So anyway I called a case one after another. Guy comes up. I called his case. He and his lawyer came up and I'd say, are you so and so, and before he could answer his lawyer said, Judge, my client is deaf and we're going to need an interpreter for the trial. And I said, that's fine, we'll have an interpreter for the trial, but all I need to do today is make sure that your client understands his trial date, and time, and that it'll be here. So I looked his client in the eye and I said, can you read my lips? And he looked me in the eye and went (makes gesture). Now, that was good preparation for Congress because people will look you in the eye and just lie to you. I don't know why the Attorney General and Secretary Napolitano come to mind, but anyway, these things happen. But we can leave this town, we can leave this conference and be depressed because, as you've already heard, as you know, our work got harder on election day in trying to say the greatest gift God has ever given a people. More liberty than Solomon's Israel for individuals, more assets individually around this country, the first country in the history of mankind where the number one health problem for our nation's poor is obesity. That's never happened before. I'm really not kidding, it is a major problem.

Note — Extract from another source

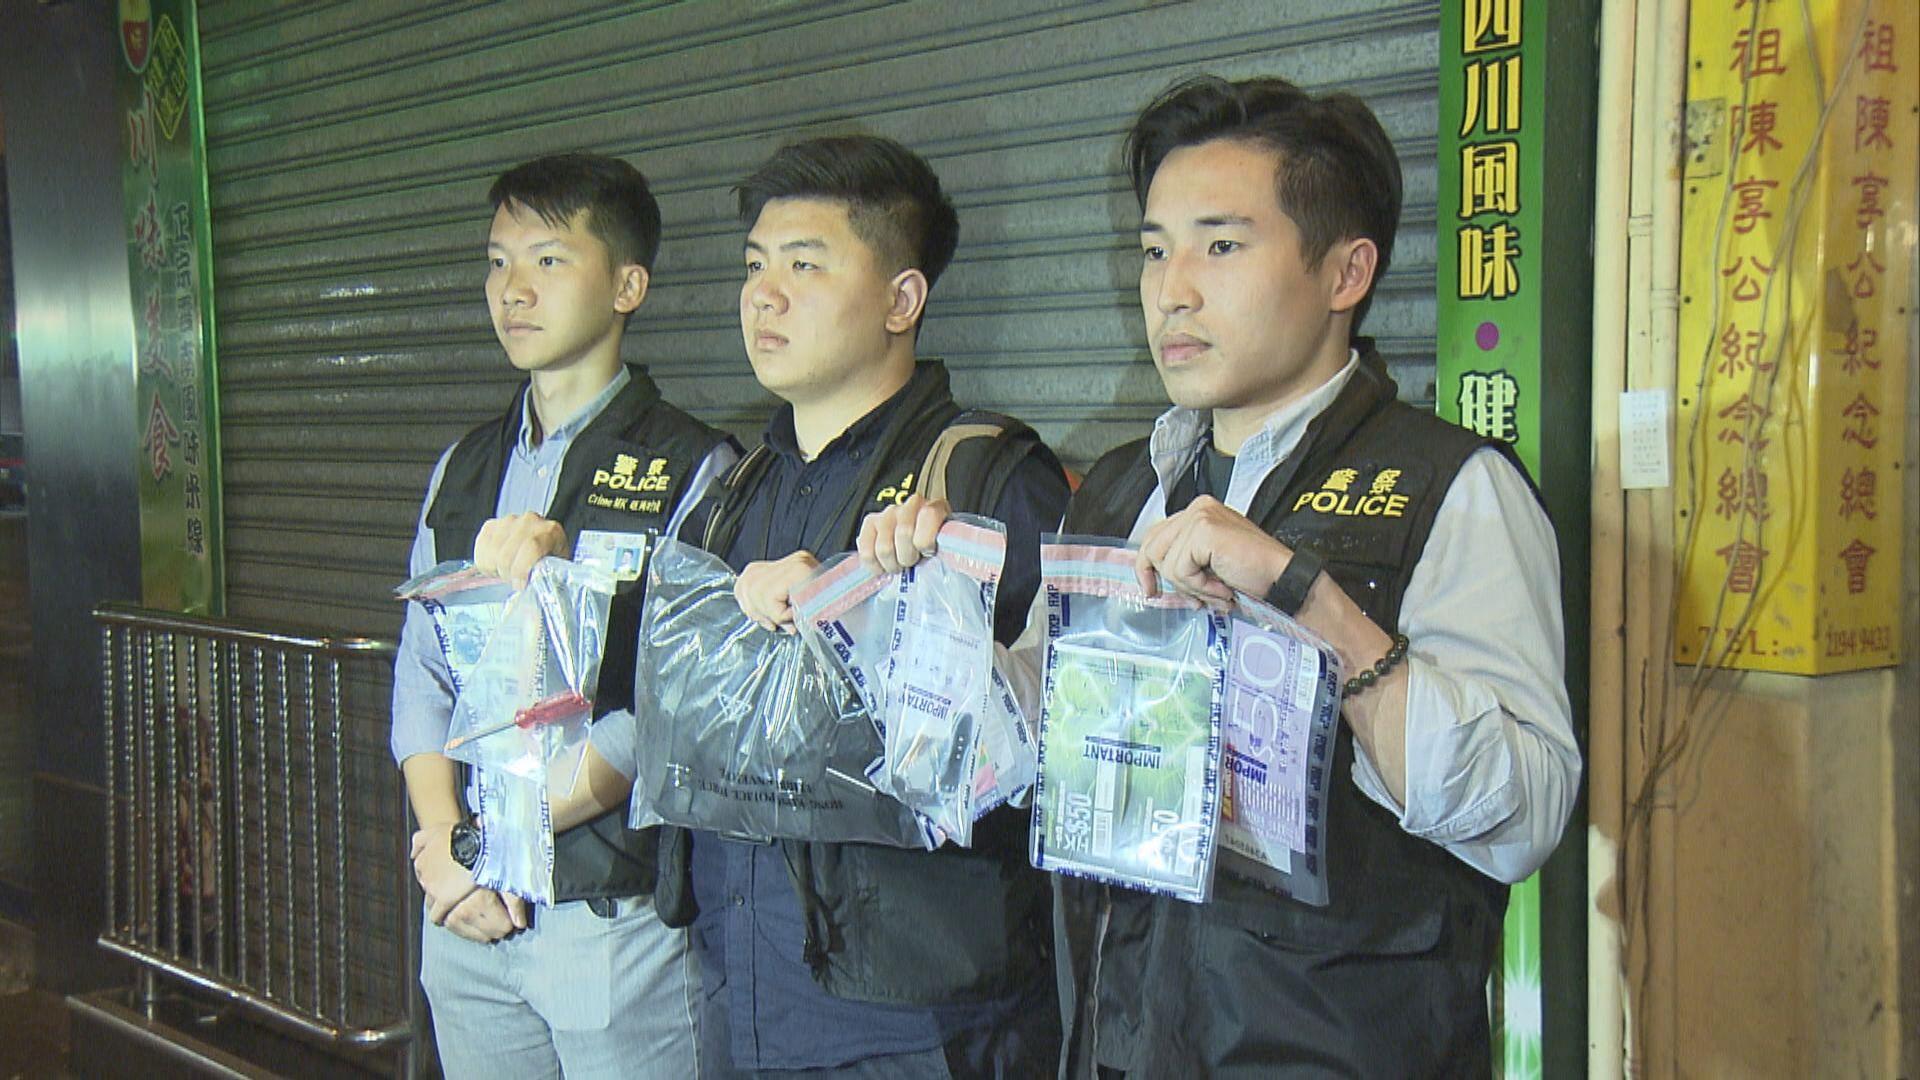 警方紅磡拘一漢涉西九龍區多宗車內盜竊

So how do we address this? What's the way ahead? I keep telling some of our friends, including our Speaker, we have got to think outside the box. So a few years ago, actually it was four years ago I had heard that we may end up spending as much as $3 trillion to $9 trillion just trying to get the economy going. I said, good grief. So I made an official inquiry, how much did we expect for 2008 to receive in individual income tax and the answer came back, $1.21 trillion. I thought, wow, what a savings. Can you imagine if we told everybody in America, no income tax this year, just keep it and spend it. Let's get the economy going. Can you imagine what would happen to this economy? It would go crazy. So that was the origination of the payroll tax holiday and I emailed the idea to five different people, one of them Newt Gingrich. He fires back, this is brilliant, I'll push it. I thought, wow, okay. Well, I didn't find a lot of people in Congress that would support a year's payroll tax holiday, but a number of people went along with two months and Newt suggested, why don't you add a payroll tax holiday for the employer not having to match the social security.

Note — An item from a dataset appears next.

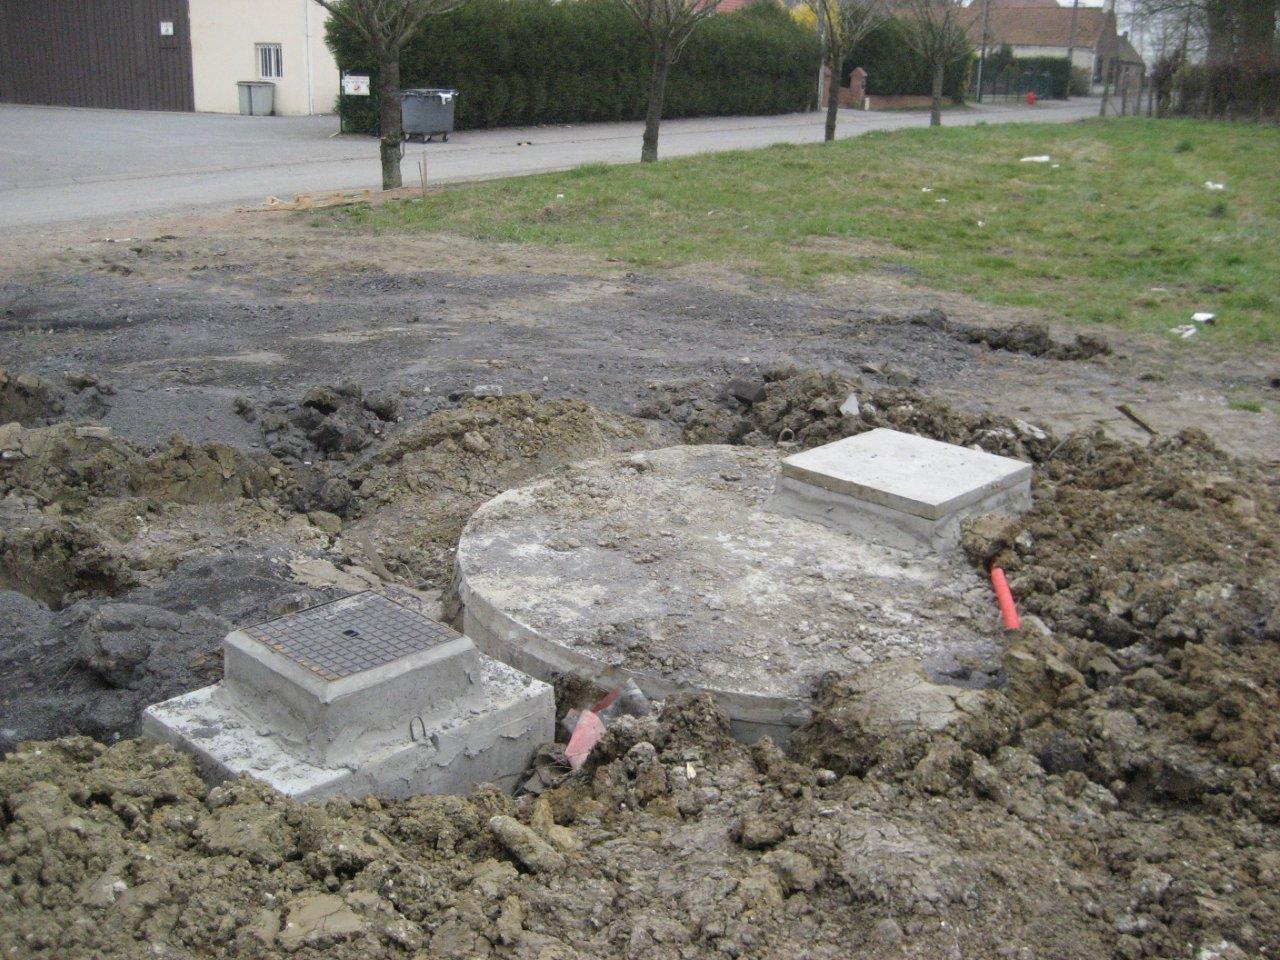 Niveler terrain aplanissons le sol pour niveler le - Comment niveler un terrain ...

Now, some said, well, won't that bankrupt social security like this president has done lowering 2% for employees, and I said no because the $324 billion it would take to give two people -- give people two months of every dime of their own income with no federal withholding of any kind, $324 billion, that includes the employer's share of social security, and that was going to be paid for with $324 billion of the remaining $500 billion of TARP. Because it seemed to me that people would do better if they -- they could decide which car manufacturer to bail out by which car they went and bought when they had their money. They could decide -- they could bail themselves out of their problem with their mortgage because we were told on average there'd be $5,000 or $6,000 additional for every family on average in America if we had done that. But that wasn't the idea. My own party pooh-poohed the idea and said, no, no, no, we're going to adjust the cap gains this, we're going to adjust this, that. Let me tell you, folks, we've been playing on their arena, in their arena since the 1947 democratic post-Watergate Congress came in and they set the rules. They built the arena we've been playing in for nearly 40 years. So that when we have a really good bill and maybe it involves tax cuts, the rules of scoring that they set up will not allow us to have a good score on a bill. It'll come back devastating to America and to the Treasury instead of using historical reality to show this is going to bring more money into the coffers.
Now, that's back when a guy named Arthur Laffer decided he liked my ideas and he invited me to have lunch at his house in Nashville. Why does he live in Nashville? He used to be in California but they kept raising taxes, so he moved to Nashville. And so anyway, he liked some of my ideas and he added some other ideas. And one of my ideas is we have got to change the way bills are scored. And so, last spring I had already made a deal a year ago with Paul Ryan and it was a zero baseline budget. What it was, if we took the majority in '95 and here's another rule the democratics created, automatic increases in every federal department's budget every year. Who gets an automatic increase in your personal or business budget? Nobody. Why should the government? Wouldn't that sell in America if we made it an issue, but our leaders say no, we don't want to make that an issue. But a year ago, I got a promise from Speaker Boehner that he would bring it to the floor and I got a promise, he said, but I can't promise what Paul Ryan will do. I mean it's his committee. Well, Paul was a co-sponsor on my bill and I said, Paul, will you bring it -- absolutely. So I got promise last February and I made them a promise. I don't care whose name is on here, because frankly, y'all, when you stand and put, I'm going to use you all, I try not to, look, the language needs a second person, plural, get over it. So anyway, you and you, singular and plural, come on, but I try not to use it. And (inaudible) right, people hear a Southern accent, they immediately deduct 50 IQ points from how smart they think you are. But anyway.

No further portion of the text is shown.